**Task to carry out:** What you write must match, character for character, the lines from the one with "1638年作品《摩西從河中得救》(Moses Saved from" down to the one with "The Overseas Passenger" in the listing below, minus its pictures.

**Dataset content:**
* * * *

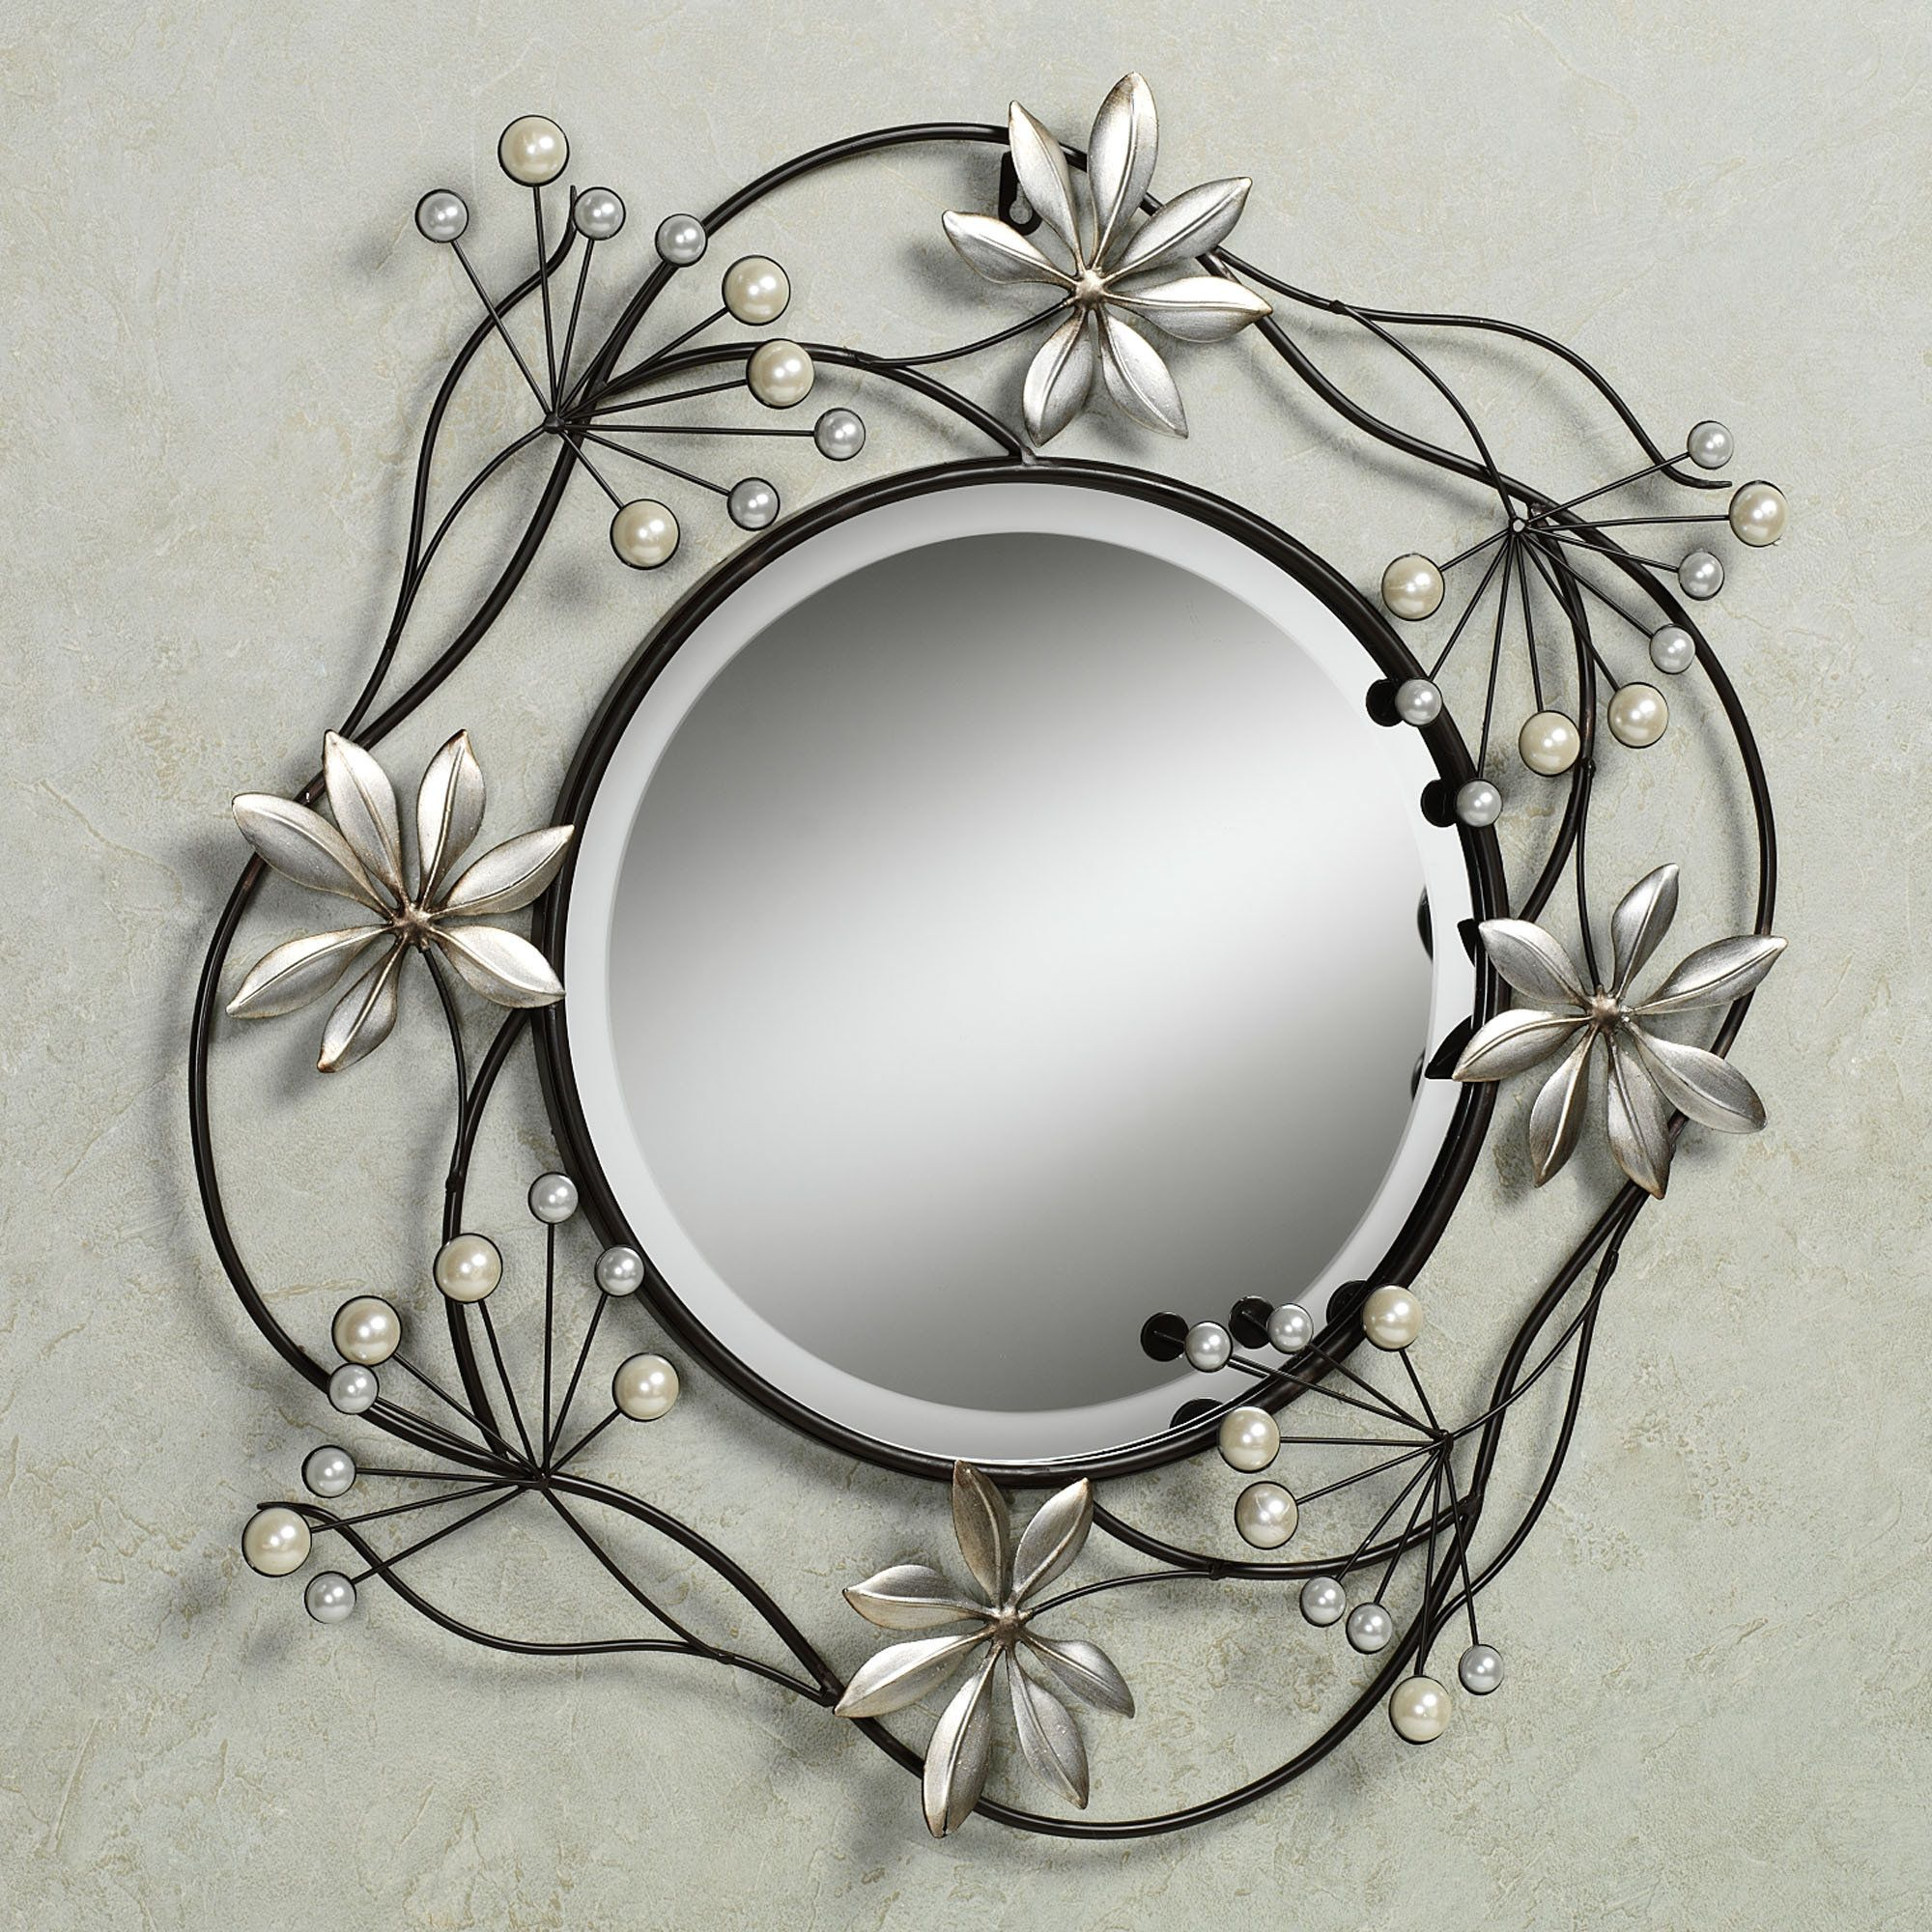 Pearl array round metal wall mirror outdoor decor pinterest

* * * *

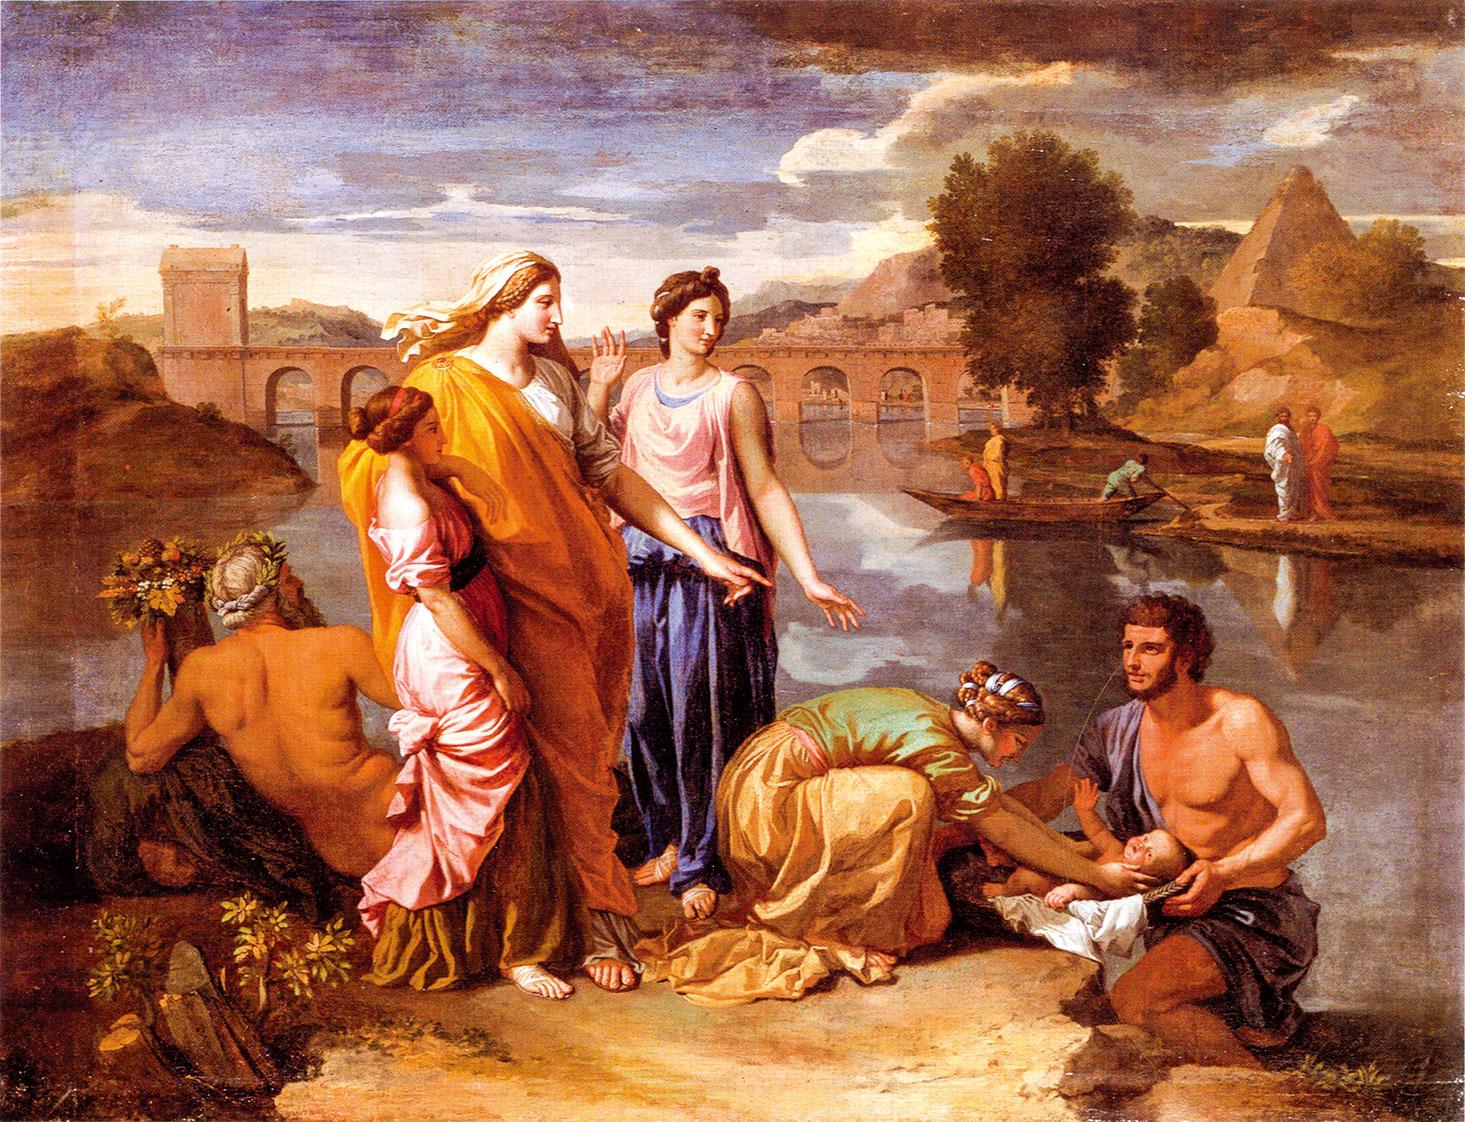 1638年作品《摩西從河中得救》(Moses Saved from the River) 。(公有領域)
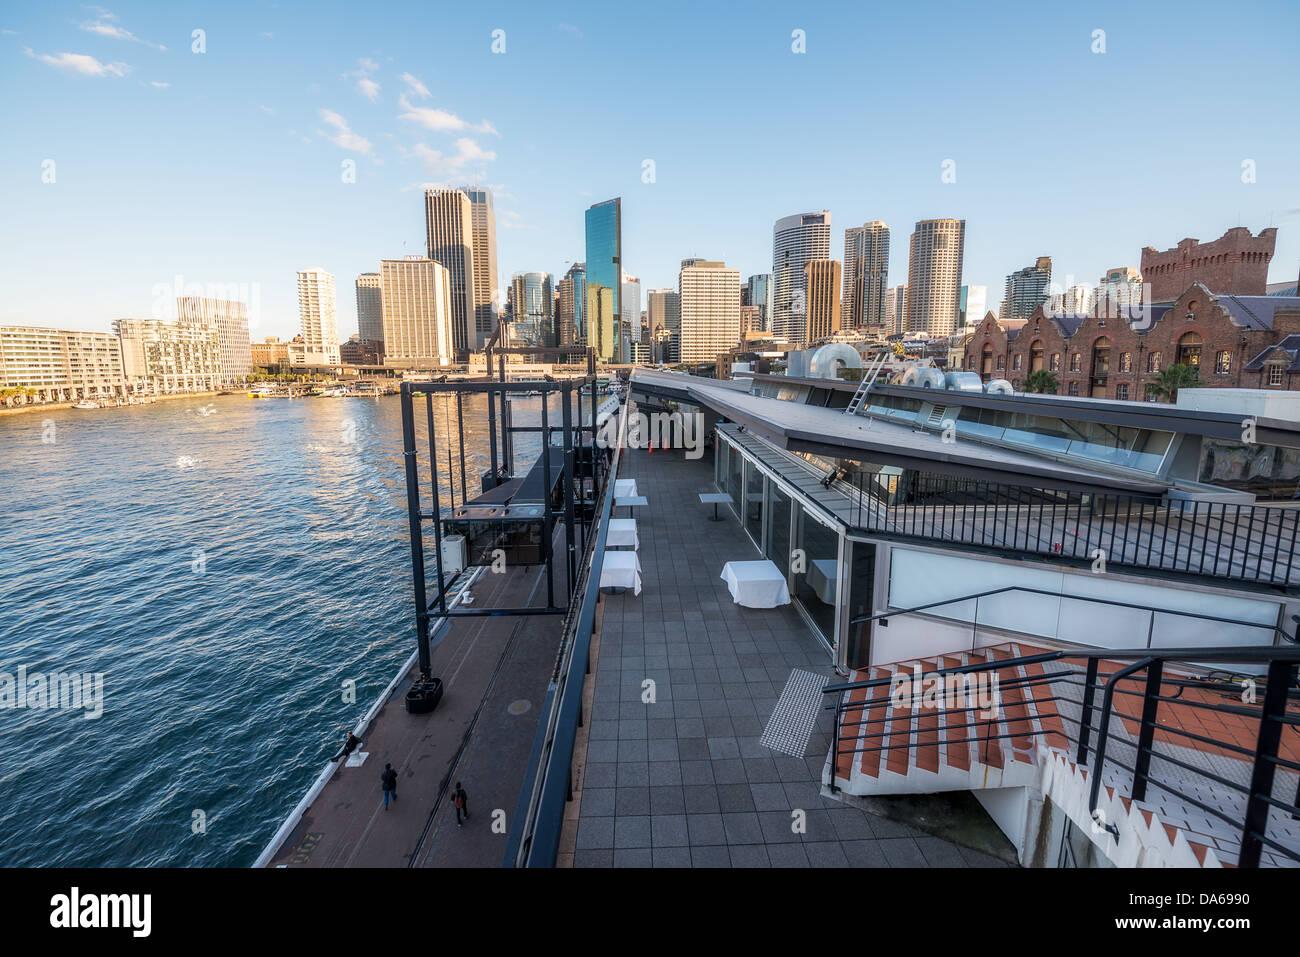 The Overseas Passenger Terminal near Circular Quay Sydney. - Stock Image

* * * *

**Answer to this task:**
 1638年作品《摩西從河中得救》(Moses Saved from the River) 。(公有領域)
 The Overseas Passenger Terminal near Circular Quay Sydney. - Stock Image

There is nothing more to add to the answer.